1. AI-Powered Data Quality Monitoring

Modern data pipelines are complex, and maintaining data quality manually can be challenging. definity uses AI and ML techniques to learn pipeline behavior and automatically generate data quality tests. This ensures that data remains accurate, complete, and consistent over time.

2. Real-Time Proactive Observability

Unlike traditional tools that analyze data after execution, definity runs within the pipeline with minimal footprint. This allows for real-time monitoring and proactive incident handling.

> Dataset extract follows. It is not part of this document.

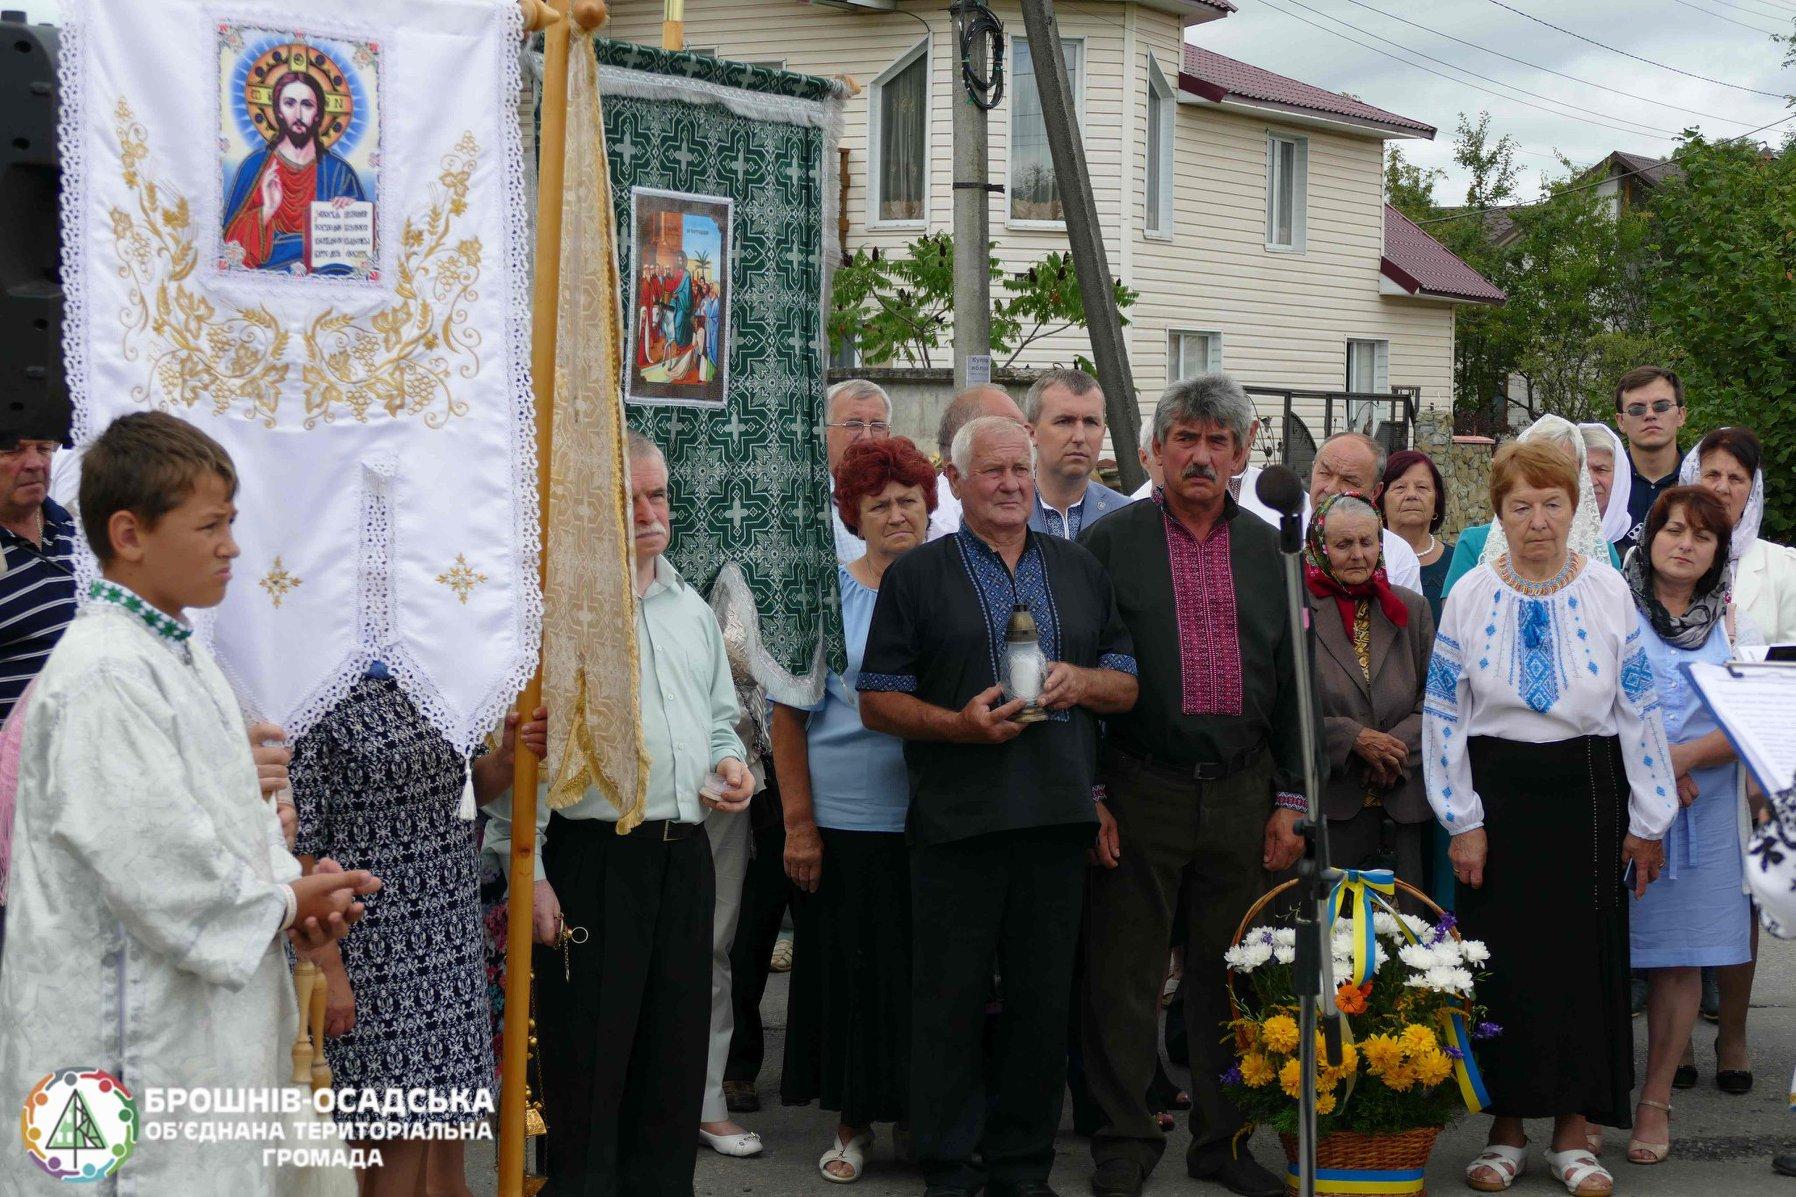 На Прикарпатті відреставрували пам'ятний Хрест жертвам комуністичного режиму 2

Key Real-Time Data Quality Features:

Analysis TypeProactive InterventionImpact
Detect stale / faulty input dataPrevent pipeline executionSaves resources & prevents downstream impact
Detect faulty output dataDivert output to a quarantine locationPrevents downstream contamination, allows debugging

definity's Data Quality Metrics

definity tracks a comprehensive set of data quality metrics across multiple dimensions. These metrics ensure the integrity of data by detecting anomalies, inconsistencies, and inefficiencies.

3. Metric Types

definity categorizes its data quality metrics into five analytical pillars:

Metric TypeDescription
TimeMeasures freshness of data. E.g., Freshness.
StructureTracks schema evolution and changes in data structure. E.g., Column Count, Schema Changes.
ContentEnsures valid data distributions and uniqueness. E.g., Null Percent, Value Histogram.
VolumeTracks data growth and size variations. E.g., Row Count, File Size.
BehaviorMonitors changes in data and code modifications.

4. Column-Level Data Quality Metrics

definity provides detailed column-level metrics to assess individual data points.

Metric NameDescription
Null PercentPercentage of null values in a column.
Distinct CountNumber of unique values in a column.
Unique PercentPercentage of unique values out of non-null entries.
Value HistogramDistribution of values for low-cardinality fields.
Min/Max/Avg/Std DevSummary statistics for numeric columns.
Data FreshnessMeasures the time difference between read time and latest timestamp.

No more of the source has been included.